Indiana le puso suavemente la mano en la frente. Tenía el
pulso acelerado y fiebre. Sin embargo, estaba seguro de
que lo superaría. Raymond tenía razón: era fuerte.
"Debemos ir al médico", murmuró Finnley. Eran las
primeras palabras que pronunciaba desde que salieron de
la última cámara, y su voz era grave y ronca. Tenía la
cara blanca como el papel. "Espero que se recupere.
Yo no..."
Se detuvo de un modo que hizo que Indiana levantara
la vista alarmada. Y un segundo después se dio cuenta de
por qué.
Ya no estaban solos. Tan silenciosos como fantasmas,
una docena de monjes habían aparecido alrededor del
coche.
"¿Qué...?" murmuró Finnley. Su voz era chillona.
El pánico brilló en sus ojos.
"No te preocupes", dijo Indiana rápidamente. "No nos
harán daño. Supongo que nos estuvieron siguiendo todo
el tiempo". Acompañó sus palabras con un gesto
tranquilizador, salió del coche y se dirigió hacia los
hombres. Al cabo de unos segundos, vio a su líder: un
hombre con una túnica desgarrada y bordada en oro.
Indiana se sintió aliviado cuando se dio cuenta de que el
viejo monje no había muerto en la masacre.

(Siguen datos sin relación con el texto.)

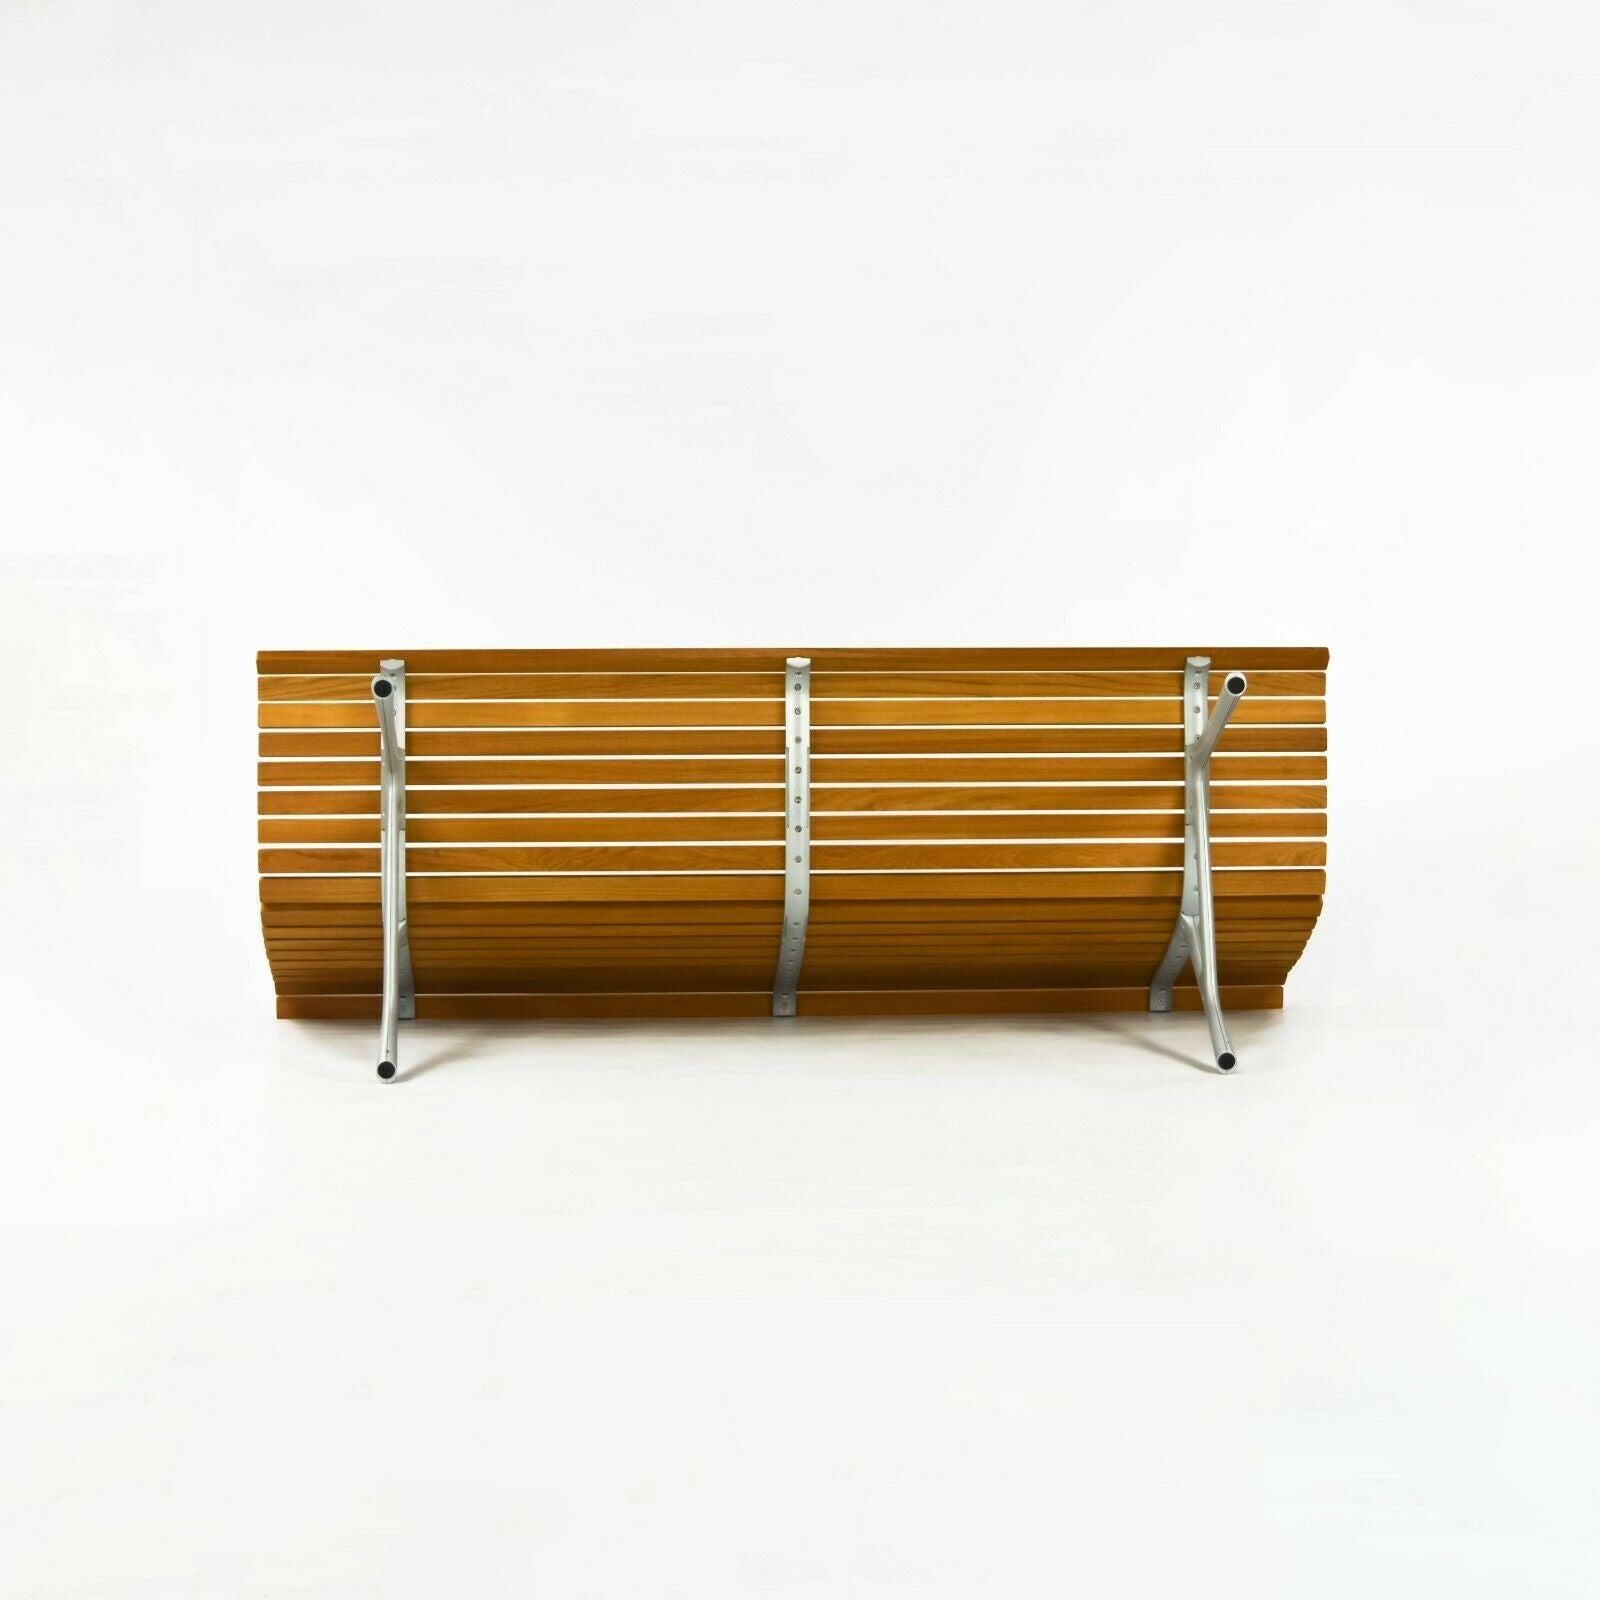 2010 Alias Teak Outdoor Three Seat Bench Settee in Cast Aluminum by Alberto Meda For Sale 1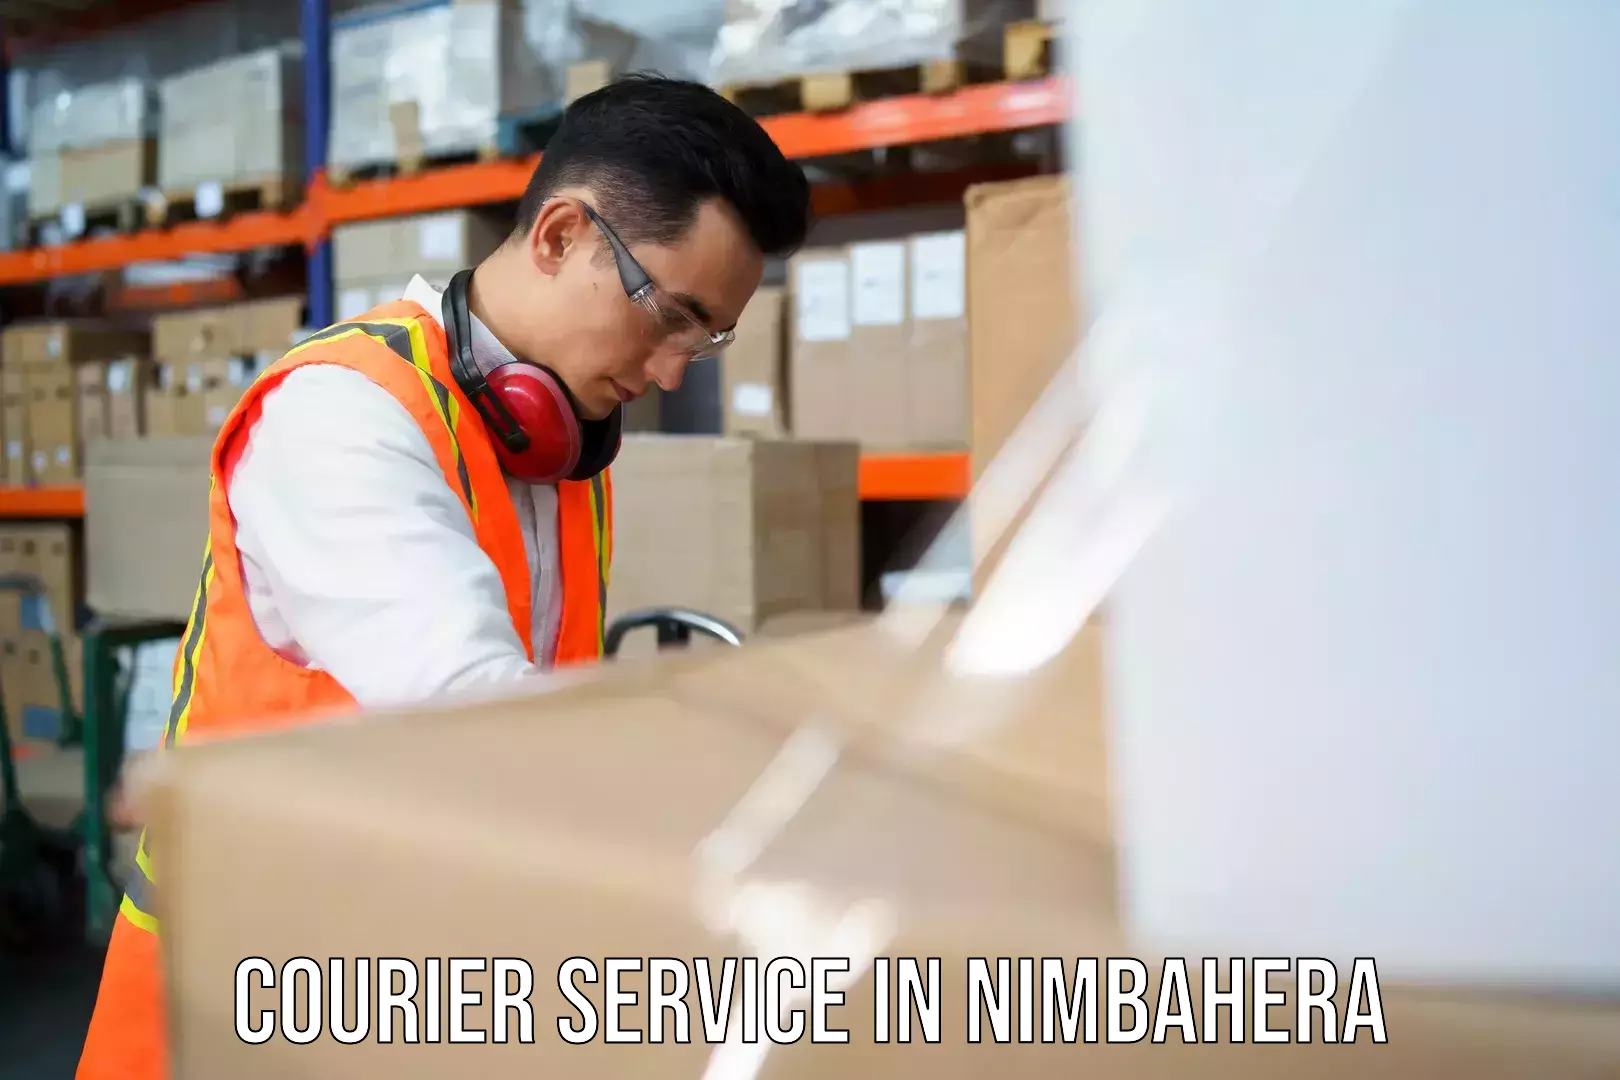 High-priority parcel service in Nimbahera

Ninguno de los monjes pronunció palabra cuando
Indiana se reunió con ellos. Nadie se movió y, sin
embargo, por los ojos del viejo monje, Indiana supo cuál
era su pregunta. En silencio, metió la mano en los
bolsillos de su chaqueta, sacó las dos estatuas de Horus y
se las entregó. Luego se dio la vuelta, volvió al coche y
metió la mano detrás del asiento del conductor para sacar
un pequeño paquete envuelto en tela. Lo desenvolvió
para mostrar la tercera estatua.
Finnley abrió mucho los ojos. "¿Qué... qué hace eso
¿Qué quieres decir?", murmuró, atónito.
"Basilio sólo tenía dos estatuas reales", dijo Indiana.
"Ésta es la tercera".
"¡Pero tenía tres!" Finnley protestó.
"No", dijo Indiana. "Lo que Basil pensaba que era la
tercera estatua era en realidad la copia que saqué del
Museo Nacional de El Cairo. Estaba demasiado
obsesionado con su plan como para darse cuenta. Esta es
la verdadera figura".
"Así que por eso esa... cosa no podía salir del
vestíbulo", murmuró Finnley.
Indiana asintió. Suspiró. "Sí. Supongo que eso fue lo
que nos salvó la vida". Sonrió y volvió a reunirse con el
viejo monje, entregándole la estatuilla. "Debes
guardarlos en un lugar seguro", dijo. "No deben caer
nunca más en malas manos".
"Eso haremos, Dr. Jones", dijo el anciano. "Le doy mi
palabra".
"Y por mi parte, juro que no revelaré los misterios del
laberinto a nadie", dijo Indiana. Inquisitivamente, miró a
Finnley.
"Yo también lo prometo", dijo Finnley nervioso.
"Además - ¿quién creería esta historia?"
Indiana no contestó. Sabía que podía confiar en Finn-
ley. Durante un rato se quedó quieto, esperando a que los
monjes dieran la vuelta en silencio y desaparecieran, luego
volvió al coche, se puso al volante y arrancó el motor. Liz
se movió inquieta mientras él se alejaba, pero permaneció
dormida.
"¿Crees que... vio lo que les pasó a su padre y a
Raymond?", preguntó Finnley.
"Espero que no", dijo Indiana. Luego negó con la
cabeza. "No, no lo creo. Ha sufrido una fuerte
conmoción".
"¿Pero y si pregunta?" Finnley insistió.
"Entonces le diremos la verdad", respondió Indiana
con un suspiro. "Ha tenido una pesadilla, como todos
nosotros.
Y que la pesadilla por fin ha terminado".